Wish it was a day trip for me.


----------



## Mikey1 (Apr 25, 2013)

Looks great, very jealous!


----------



## JimG. (Apr 25, 2013)

Puck it said:


> Wish it was a day trip for me.



+1


----------



## snoseek (Apr 25, 2013)

oh man!!!!


----------



## wa-loaf (Apr 25, 2013)

Wow, Amazing amount of snow.


----------



## snowmonster (Apr 26, 2013)

*Date(s) Skied: *4/25/2013  *Resort or Ski Area: *Sugarloaf  *Conditions: *Temps from 32 to 57; hardpack up top early but everything corned up well as the day went; sunny  *Trip Report: *It was the perfect day to ski the Loaf. This will just be a postscript.

While only the Superquad was running, it gave access to just about most of the terrain. The eastern part of the mountain and everything on the bottom is starting to show a lot of wear but the western part is covered really well. On the western side, I only got so far as King's Landing. Candyside is starting to thin out in spots. The upper reaches of White Nitro and Gondi are accessible after a short hike and coverage remains good there.

Word from the staff is that after this weekend, they will shut down midweek then re-open for the weekend. There's a possibility that they will re-open a weekend after that. So, if any of you want to hit the Loaf this season, the time is now!


----------



## bigbog (Apr 26, 2013)

Nice pics SM....what a day for anything.


----------



## Nick (Apr 26, 2013)

Nice pics! You gonna do a back to back ski and surf this year?


----------



## snowmonster (Apr 26, 2013)

More from yesterday.

Skyline chair and Spillway


Bumps on Winter's Way


Brush poking through in Kick Back glade:


Better skiing in Swedish Fiddle:


Half pipe action:


----------



## legalskier (Apr 26, 2013)

Sweet.  Someday I'll get there. It's on my bucket list.


----------



## Conrad (Apr 26, 2013)

Looks great! I think I have found a ride up there this Sunday. It's too bad they aren't running King Pine, but what can you do. With a little luck, there will still be a few glade runs open.


----------



## marcski (Apr 26, 2013)

snowmonster said:


> More from yesterday.



Nice SM!  Your reports shall be missed here.  You should be sure to at least give us some tropical trip reports.  I am certain you will find fun and interesting outings wherever you will be living.  Good luck again.


----------



## snowmonster (Apr 29, 2013)

marcski said:


> Nice SM!  Your reports shall be missed here.  You should be sure to at least give us some tropical trip reports.  I am certain you will find fun and interesting outings wherever you will be living.  Good luck again.


If you're interested in surfing reports, I'll gladly post them on here when I get to the other side of the world.

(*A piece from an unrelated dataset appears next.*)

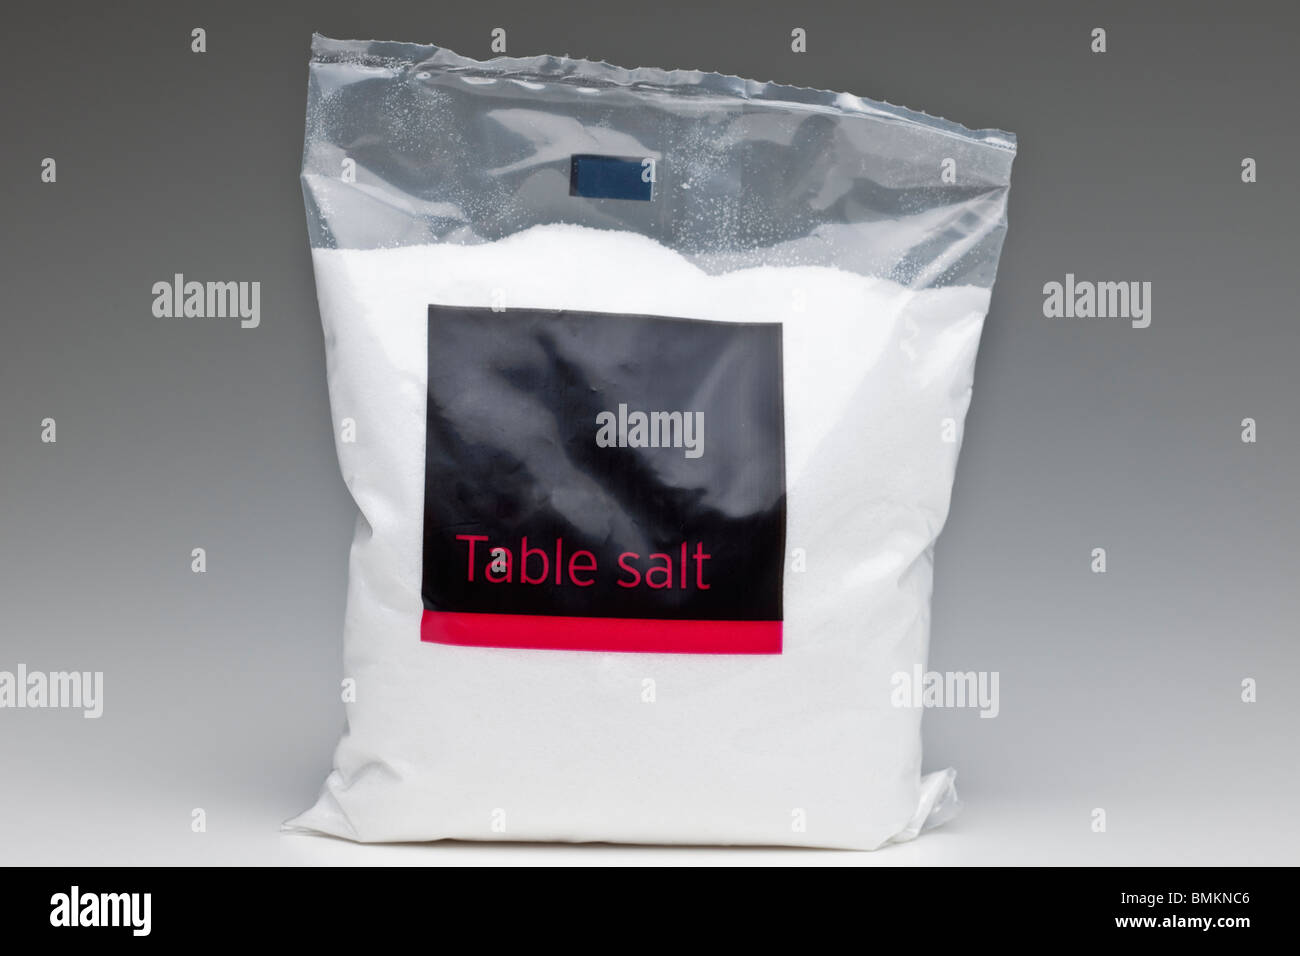 Polythene bag of Table salt Stock Photo

Lots of turns left in this season. I may have one more Loaf day and perhaps a K day in me then the Presis until June. If you find yourself in any of these places, let me know!


----------



## Johnskiismore (Apr 30, 2013)

I was there too on Sunday, and yes it was frigin great!  Was amazed at the amount of snow, think my favorite run was Winters Way, soft bumps and a ton of corn


----------



## marcski (Apr 30, 2013)

snowmonster said:


> If you're interested in surfing reports, I'll gladly post them on here when I get to the other side of the world.
> 
> Lots of turns left in this season. I may have one more Loaf day and perhaps a K day in me then the Presis until June. If you find yourself in any of these places, let me know!



We'll take what we can get, SM!!


----------



## wa-loaf (Apr 30, 2013)

snowmonster said:


> If you're interested in surfing reports, I'll gladly post them on here when I get to the other side of the world.
> 
> Lots of turns left in this season. I may have one more Loaf day and perhaps a K day in me then the Presis until June. If you find yourself in any of these places, let me know!



Are you moving away?


----------



## snowmonster (Apr 30, 2013)

marcski said:


> We'll take what we can get, SM!!


Cool. But, before that, let's get some adventures at Tux and Loaf on these pages.


wa-loaf said:


> Are you moving away?


Yes. See you on the other side of the globe!


----------



## wa-loaf (Apr 30, 2013)

snowmonster said:


> Yes. See you on the other side of the globe!



Back to the homeland?


----------



## phin (May 1, 2013)

Does anyone have word as to how Sugarloaf is holding up this week and what we can expect for a report this upcoming weekend? 

I'm jonesin' to say that I skied early November and early May this season.


----------



## snowmonster (May 1, 2013)

wa-loaf said:


> Back to the homeland?


Ja. Das Vaterland.


----------



## Nick (May 1, 2013)

snowmonster said:


> Ja. Das Vaterland.



Die Mutterland


----------



## snowmonster (May 1, 2013)

^ That too.


----------



## snowmonster (May 1, 2013)

phin said:


> Does anyone have word as to how Sugarloaf is holding up this week and what we can expect for a report this upcoming weekend?
> 
> I'm jonesin' to say that I skied early November and early May this season.


Just go. Noting beats a goggle tan in the office on Monday morning. Think of all the stories you can tell.

Seriously, the upper mountain is in good shape. They've got enough snow to move around to get you back to the Superquad if Candyside gets dicey. Having skied there last Thursday, I'm not worried about them making it through this weekend.


----------